Wie lässt sich das Überwachungsregime, dem Profisportler unterworfen sind, mit den Prinzipien einer freiheitlichen Gesellschaft vereinbaren?

Dopingbekämpfung ist sicherlich legitim, keine Frage. Doch eine auf liberalen Prinzipien gegründete Gesellschaft sollte nicht alles dulden: Es gibt gewisse Grenzen – und diese sind momentan weit über­schrit­ten. So müssen Sportler z.B. 7 Tage die Woche, 365 Tage im Jahr für die Doping-Kontrolle zur Verfügung stehen. Sie sind verpflichtet, gegenüber den Kontrolleuren für drei Monate im Voraus ih­ren Aufent­halts­ort anzugeben. Diese Regelungen verstoßen gegen das „Recht auf Pri­vatheit“, das allen Bürgern der Bundesrepublik Deutschland im Grundgesetz garantiert ist.

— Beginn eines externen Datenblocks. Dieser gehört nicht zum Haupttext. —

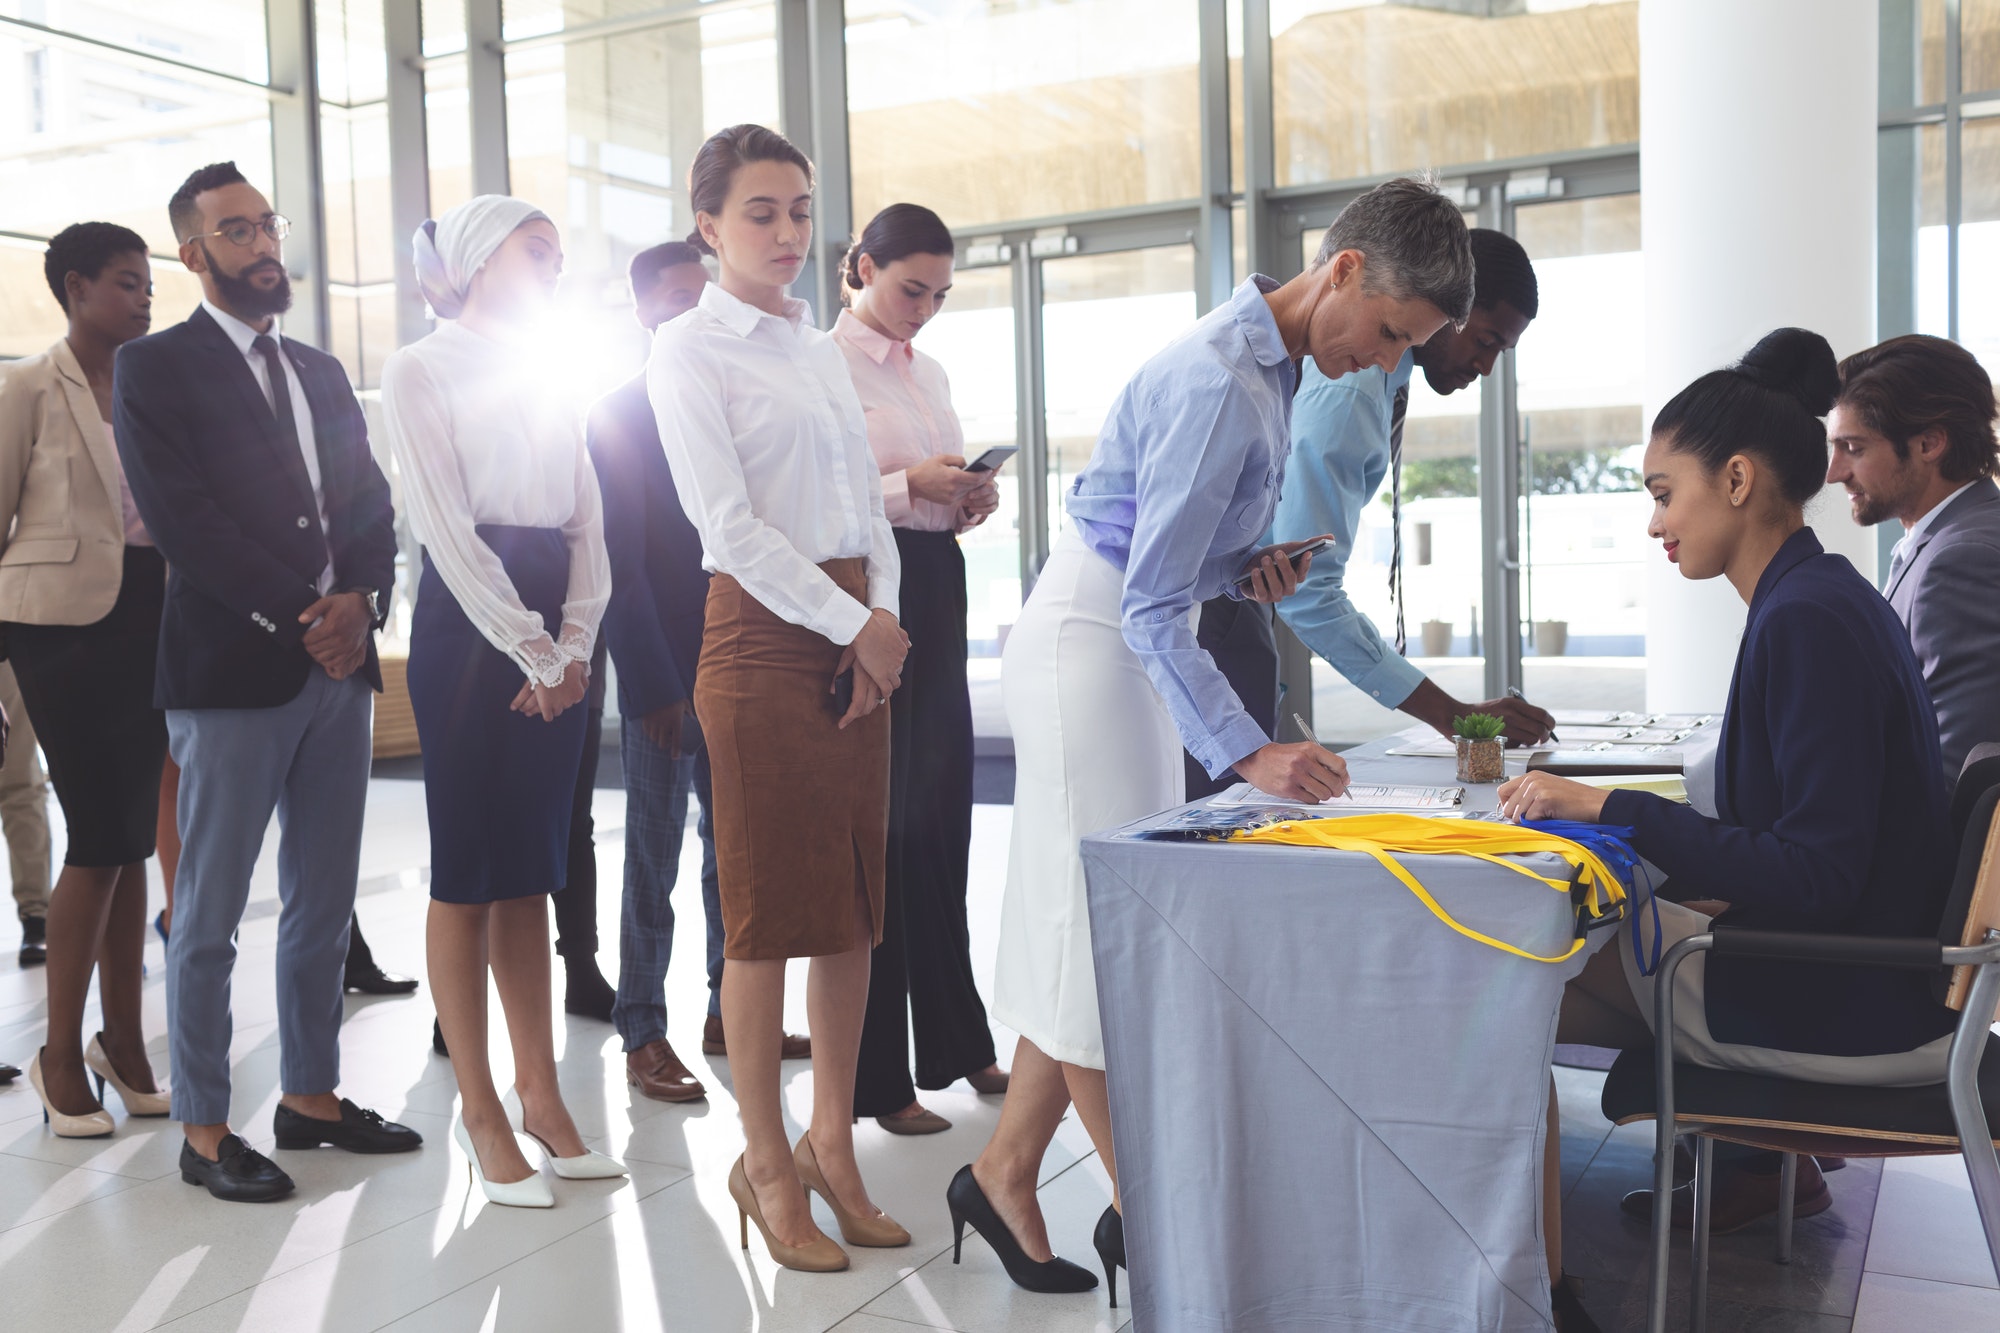 Businesswoman and businessman signing in at conference registration table while group

Müssen Sportler das akzeptieren? Oder müsste das Anti-Doping Regelwerk reformiert werden, um grund­rechtskonform zu sein? Was muss geschehen, damit die Interessen der Sportler in Zukunft von vorn­herein besser berücksichtigt werden? Wer entscheidet eigentlich über das Anti-Doping Regel­werk?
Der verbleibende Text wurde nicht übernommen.